There is another view that flows from the first suggestion of opportunism. As you will see in my critique there are questionable things using of other peoples' words, etc. etc.. As a teacher of writing she would naturally avoid these appearances of plagiarism with a scalpel. It is just puzzling therefore, given her occupation, that her most-used author, Professor Myrna Anderson, who has been writing for more than two decades, warning may be a more accurate term, how bad tattoo and piercing are. Chalmers references more than 10 articles by her, but Professor Anderson's watershed article written a few years before Chalmers article, is conspicuously missing. Chalmers' thesis looks like it was copied from Anderson. This has to be mentioned as it would need an explanation how Chalmers missed that article but was able to reference the rest.

These are germane areas of inquiry and speculation.

In a different abstract way to view this article, as a representative of an historical moment,  we can conceive of Chalmers, not as a person, but as the social and political force in power over society. After all, individuals and groups create and exercise power over others.

For the moment take it as true, but it will be clearly demonstrated later, that tattoo has always been either purposely used by individuals and forces in a social structure or ignored as a peculiar practice of the lower classes, laborers, the military etc. as of no importance. Chalmers, not knowing any of this history throws up into the air the accusation that tattoo has been allowed to exist unregulated and uncertificated throughout much of history. Of course, this is quite as laughable as saying the same thing about the drinking age.

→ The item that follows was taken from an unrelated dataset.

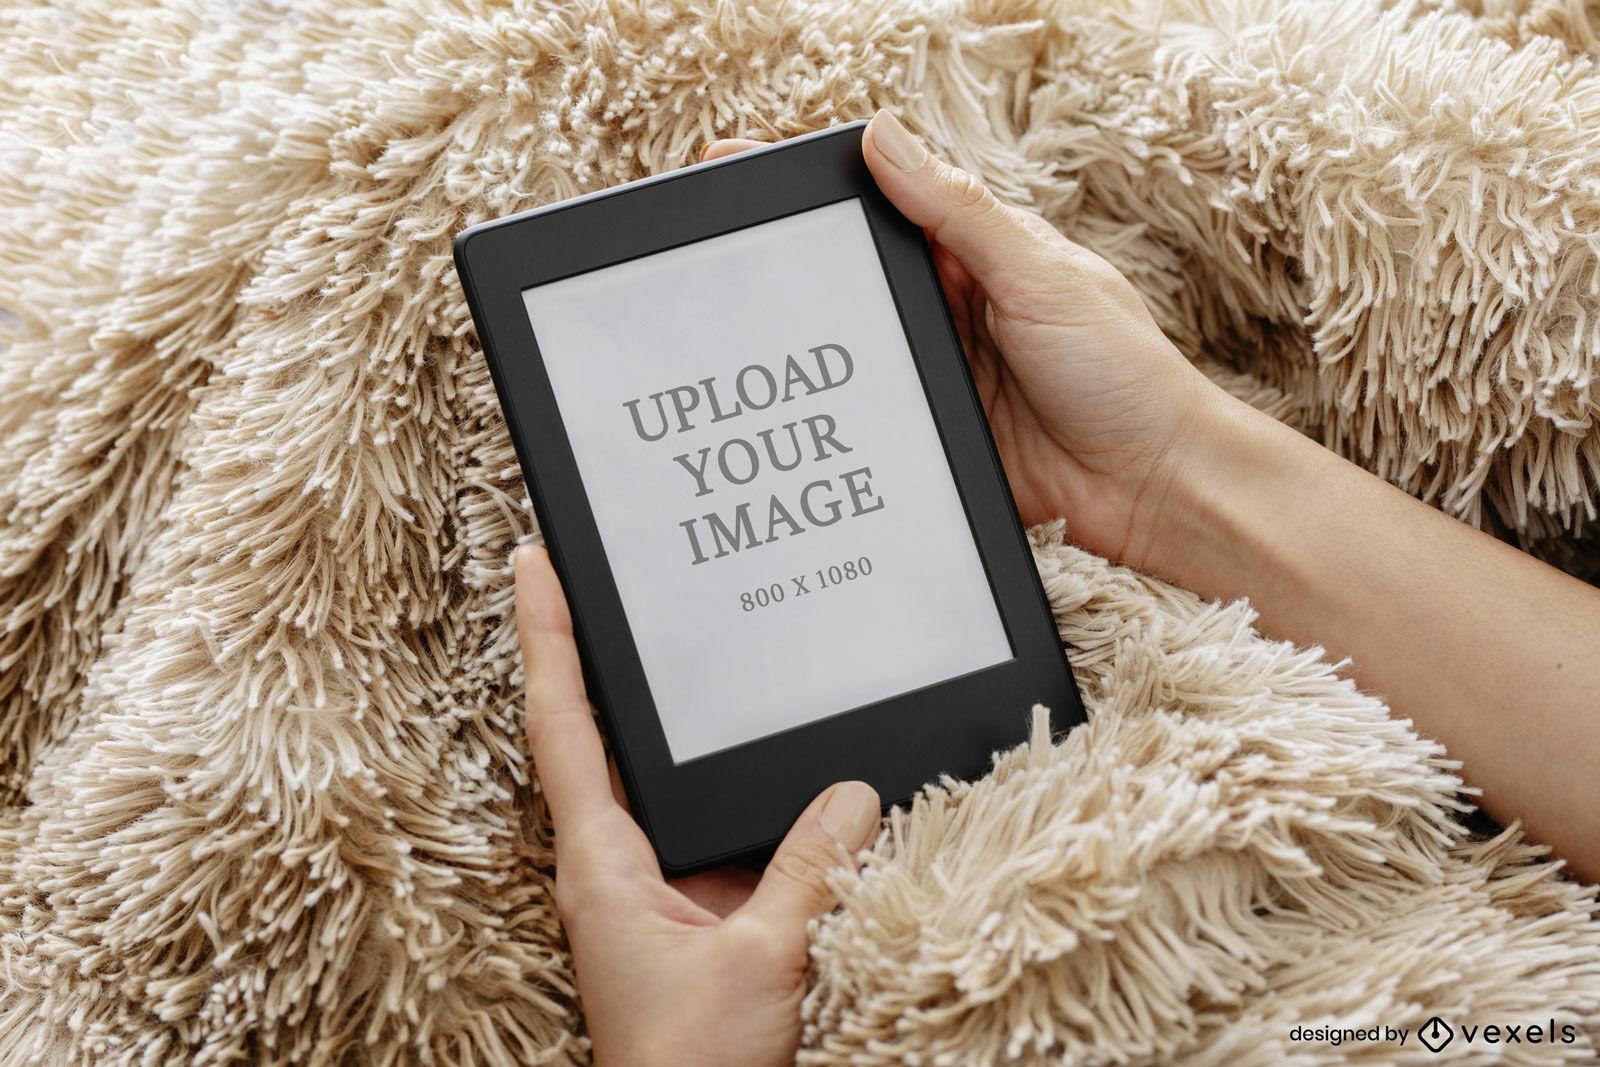 Kindle-Modell Fuzzy-Decke

Tattoo is visual, as abstract, or representational, and can be laden with communication that may not be apparent except to initiates or those viewing the tattoo, perhaps diametrically oppositional in interpretation..

Suddenly tattoo is everywhere in spite of the teachings of intellectual elites,  the medical establishment, religious groups, even government agencies themselves.

It is of keen concern for those in power over others, no matter how large or small the group, what is being communicated to, from, and among the subjects.

We see this now greatly practiced by the monitoring and recording of every key stroke any one makes on the internet and the recording of the location of devices that can communicate. A total monitoring of populations, a global superstructure of control, a world attempted domination by the elites, who know better.

Chalmers sees tattoo as a threat which must be countered, reduced through a complex series of regulations. Tattoo was indeed historically used as a weapon to vocally oppose the missionaries in their efforts to eradicate this heathen practice, as well as a symbol of defiance by captive populations. All you have to do is realize that marking the body is a commonly accepted utilitarian communication device for sex appeal. Tattoo, like dress and lipstick, is a communication device.

Chalmers states this plainly saying that tattoo threatens the heritage of Western civilization and something has to be done, and she declares she is the person to do it.